Time to yelp. Else was done being nice to Mortensen. She’d continue to be kind, but not nice. For too long she’d confused the two.
She cleared her throat.
Mortensen cut his gaze her way. “What is it now, Jensen?”
Else raised a benign smile. “Mrs. Iversen and I have asked to speak with you in private twice today.

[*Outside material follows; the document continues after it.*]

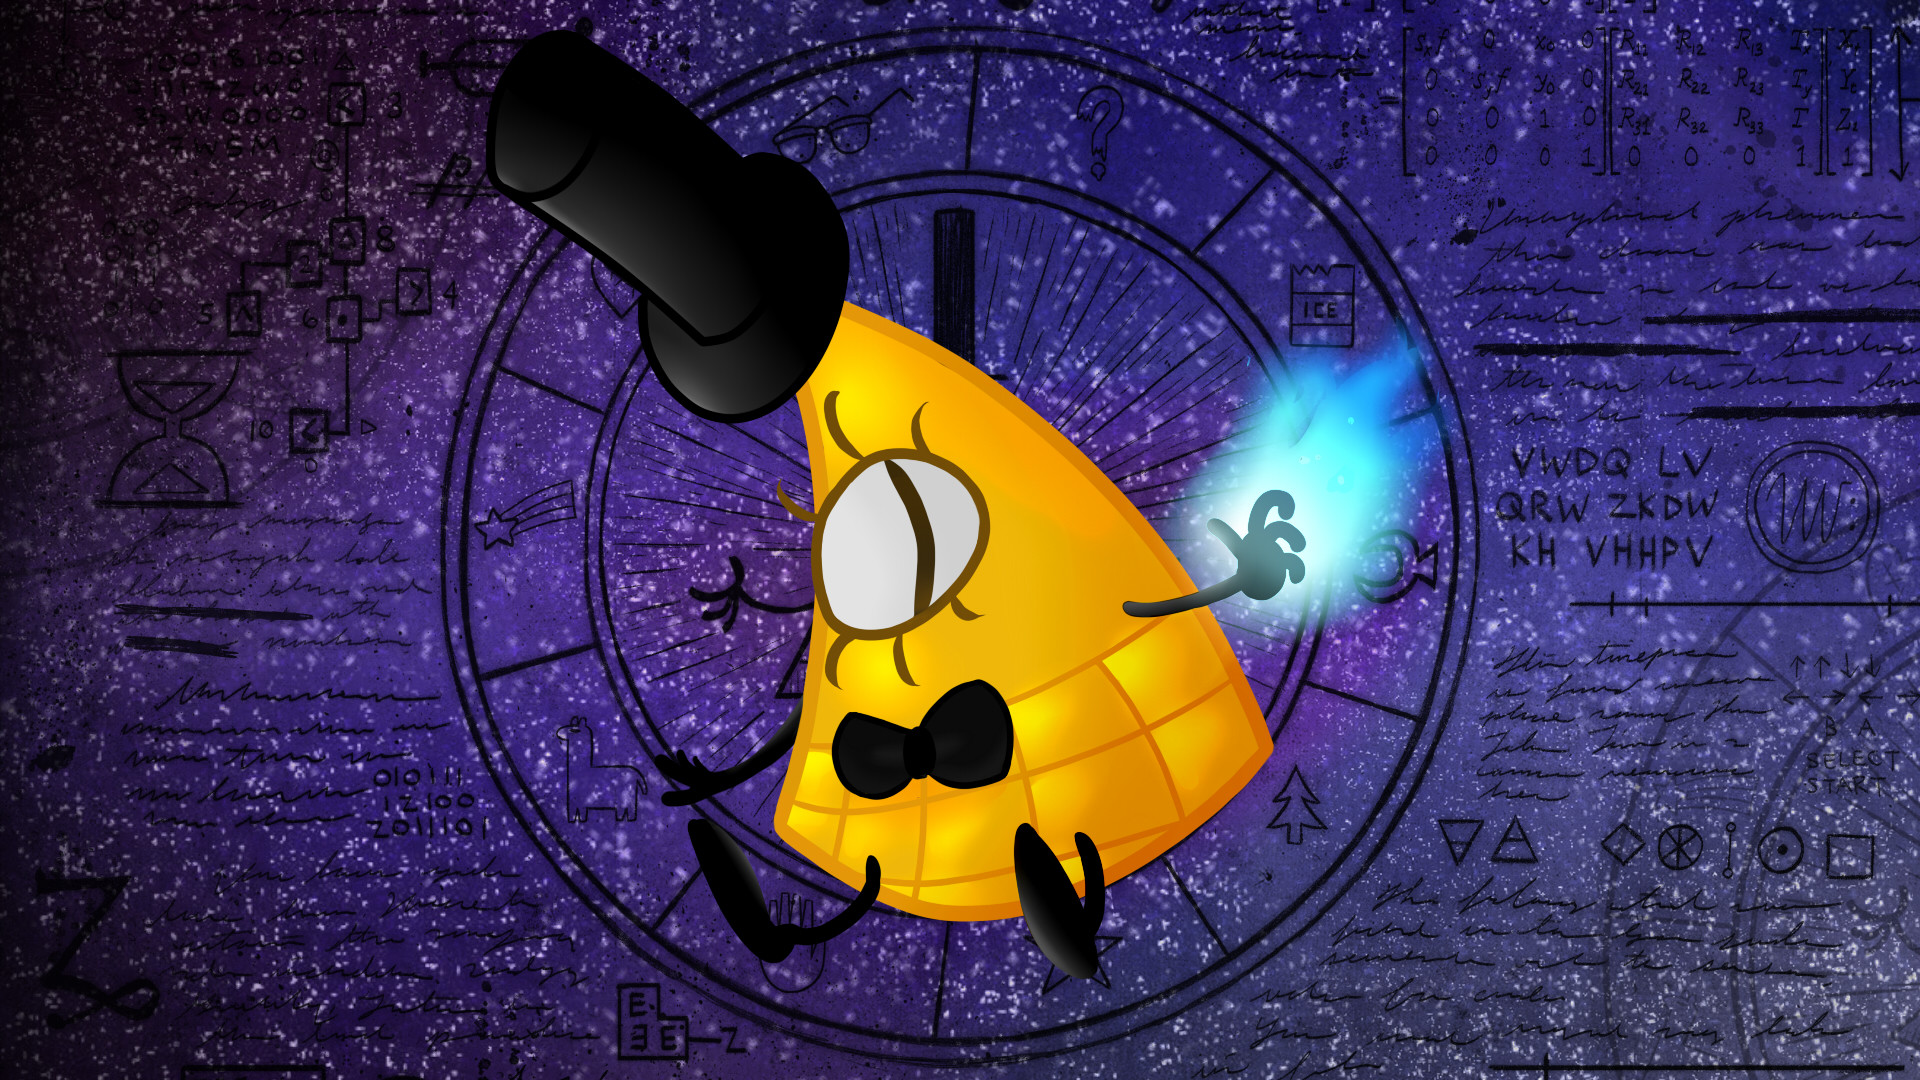 1920x1080 ... Bill Cipher Wallpaper - Collab with Meh-Chaan by Nelythia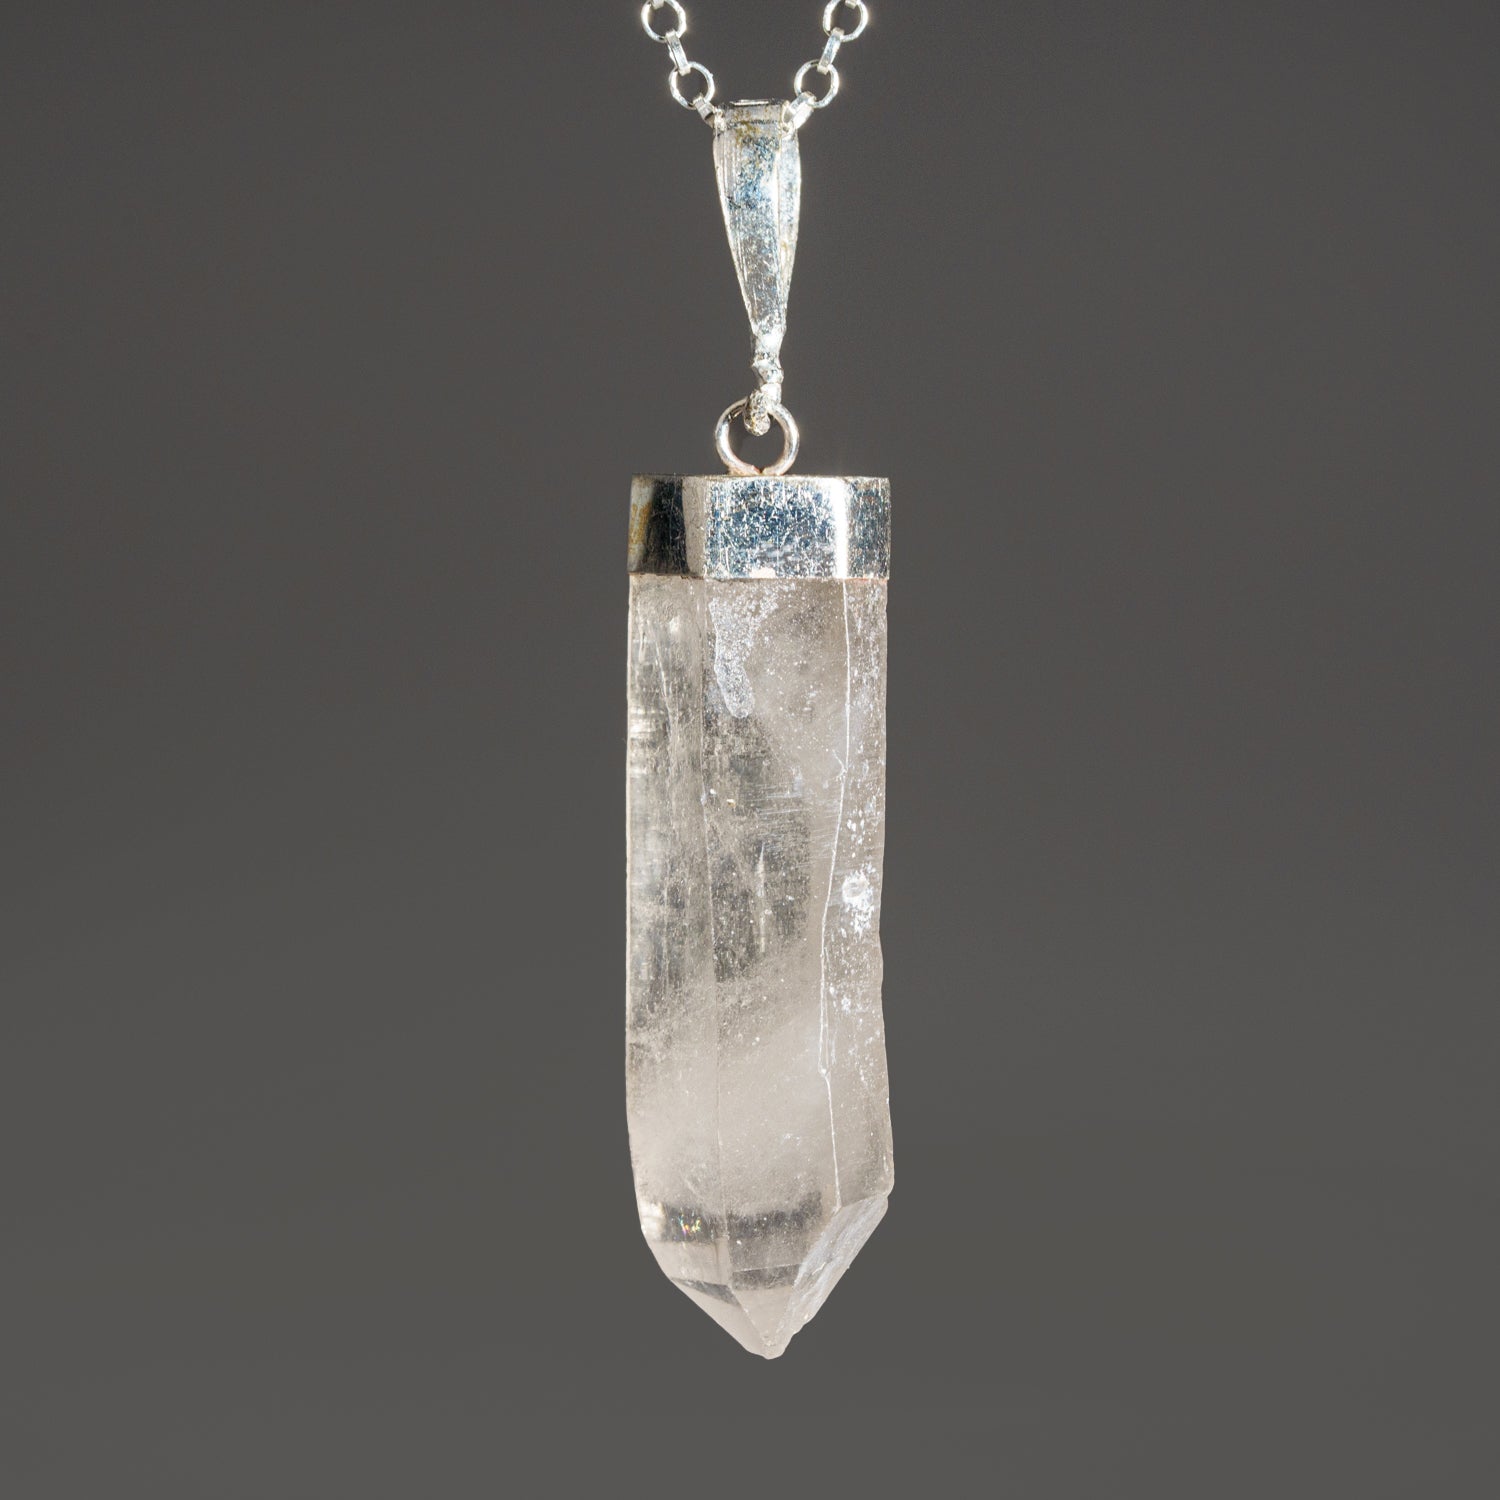 Genuine Clear Quartz Crystal Pendant (6-9 grams) with 18" Sterling Silver Chain

You promised we could do so by the end of the day. It’s the end of the day.”
Mortensen ran one hand through the sandy waves of his hair. “What do you want me to do, Jensen? Dismiss Wolff? Or abandon him while I attend to you?”
He meant for her to say no to both options, to admit her request was rude, to back away. Else kept her voice steady. “I want to speak to you, and so does Mrs. Iversen.”
“Today,” the secretary said. “And I go home in ten minutes.”
Wolff turned his chair to face the women, scraping wooden legs on the wooden floor. “Pardon me, ladies. But is this something you don’t wish me to hear?”
Else studied the challenging look on the senior physicist’s face. She’d wanted to speak with Mortensen in private so she wouldn’t humiliate him as he’d humiliated her. But if he refused the privacy she offered . . .
“No,” she said. “I don’t mind if you hear.”
“Proceed.” One corner of Wolff’s mouth flicked up.
Mortensen groaned. “Be quick.”
Else met his gaze, determined to confront with strength and compassion, the same way Hemming had confronted her.
One last squeeze to the little dog. “Almost every day, you ask me to perform secretarial tasks, work I’m not trained to do. Meanwhile, Mrs. Iversen’s talents go to waste.”
“I’m bored.” Frustration rose in the secretary’s voice. “I want to do my own work again.”
Mortensen’s face went still. Cold.
Else refused to shiver. “Likewise, you send me on errands, but that’s work for graduate students. We all ran errands as students, and they should pay their dues too. From now on, I will remain in the lab to do the work of an assistant physicist.”